Erika Meitner
This place is all orange sky,
drilling rigs, and bunchgrass.
A boy chucks a Chinese star
at a flattened cardboard box
near a pickup window’s decal:
Drillin’ Deep | Pumpin’ Hard.
Outside his camper the ground
around him is entirely white.
He watches the yellow bus pass.
The man in the classroom says,
At the top of your paper I want
you to write this: I think oil is…
His ellipses look like snow and
the children speak to the ellipses:
(When he sits in the chair, he leaves
a greasy mark) (His back is always
hurting) (He doesn’t come home
any more like he used to). Their
fathers are oil rigs and pumpjacks.
Their fathers are nodding donkeys,
dinosaurs, thirsty birds constellating
the night sky, then burnished sky,
and they are peering through slatted
blinds in a camper’s window
at so many headlights—pickups and
faces of black cargo trains, bullet containers
scraping through every intersection
in town hourly, and town is one neon sign:
Heartbreakers with its unk unk unk
pulsing and thrusting into the street.
The up stroke.

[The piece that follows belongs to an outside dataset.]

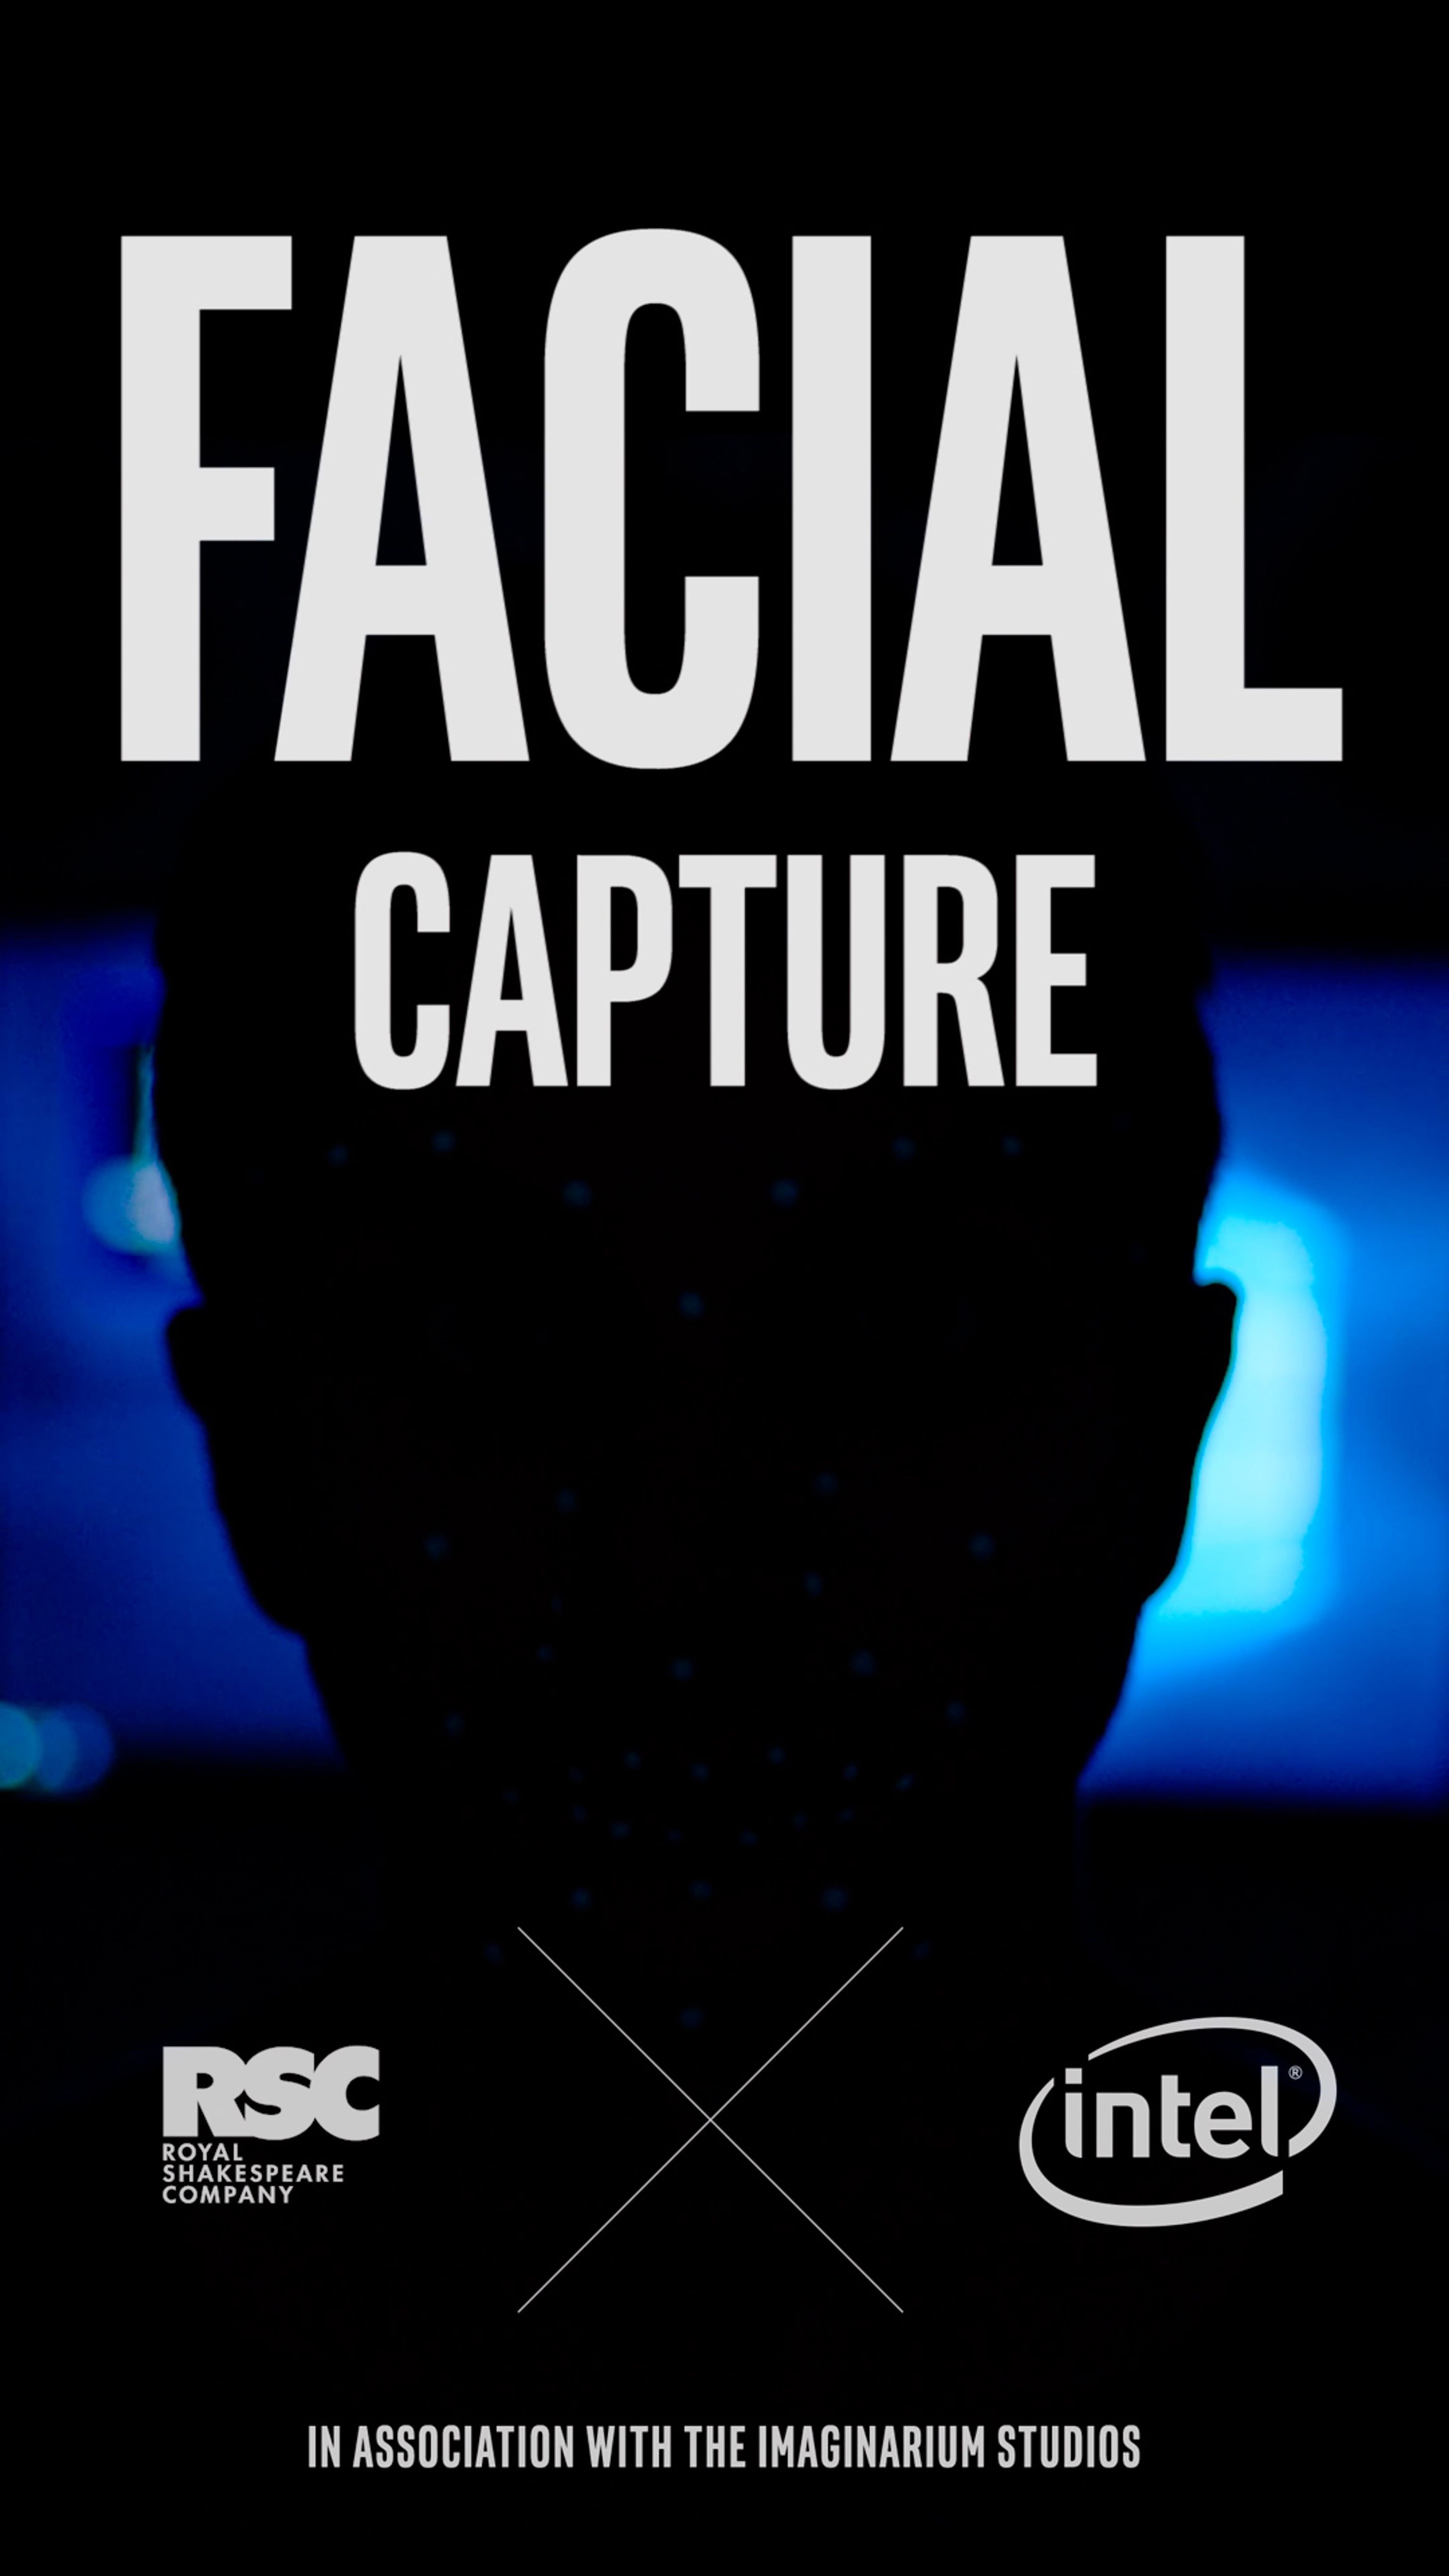 Intel_RSC_The Tempest - Facial Capture - Social

The down stroke.
We had never seen the pumps so close.
What amazed us the most? The flames
coming straight from the ground.
We’re all here for the work,
she says while scrubbing a sink
like a horsehead pump, like
an automatic hammer or an arm
folding up and down at a blood-draw,
trying to get things flowing—
pressing gauze to the place needle
entered skin. Birds chirp everywhere
at dawn, no matter how frozen.
A girl makes angels on a makeshift
ice rink in her black winter coat.
Her arms and legs move in arcs,
threads drawing something
from the earth.
As part of my graduate workshop in poetry, I often have my students engage with other modes of art either as participants or spectators: dance, drawing, visual art exhibits, experimental composition, bookmaking, hip hop, theater, opera, and film. A few years ago, we all watched the short documentary White Earth, which is an academy-award-nominated 20-minute film about the oil boom in a town called White Earth, North Dakota, told via the perspective of three different kids, and an immigrant mother. We all took notes and wrote while the film was playing; I do the engagements, along with my students. My poem came from that class session, and it's a narration of the images, and even some of the dialogue in the film. In editing the poem though, I had to do a lot of research on the nomenclature of the machinery used to raise crude oil from wells, as I didn't know what to call anything I saw on screen—and the names are amazing, and they all made it into the poem. I think the poem is a metaphor for something larger—for the ways we're tied to the earth, and how we often abuse these ties. As someone who's lived in Appalachian coal country for the last twelve years, much of this landscape and the ways the residents encountered it felt very familiar.
Erika Meitner is the author of five books of poems, including Holy Moly Carry Me (BOA Editions); Copia (BOA Editions); and Ideal Cities (Harper Perennial), which was a 2009 National Poetry series winner. She is currently an associate professor of English at Virginia Tech, where she directs the MFA and undergraduate programs in creative writing.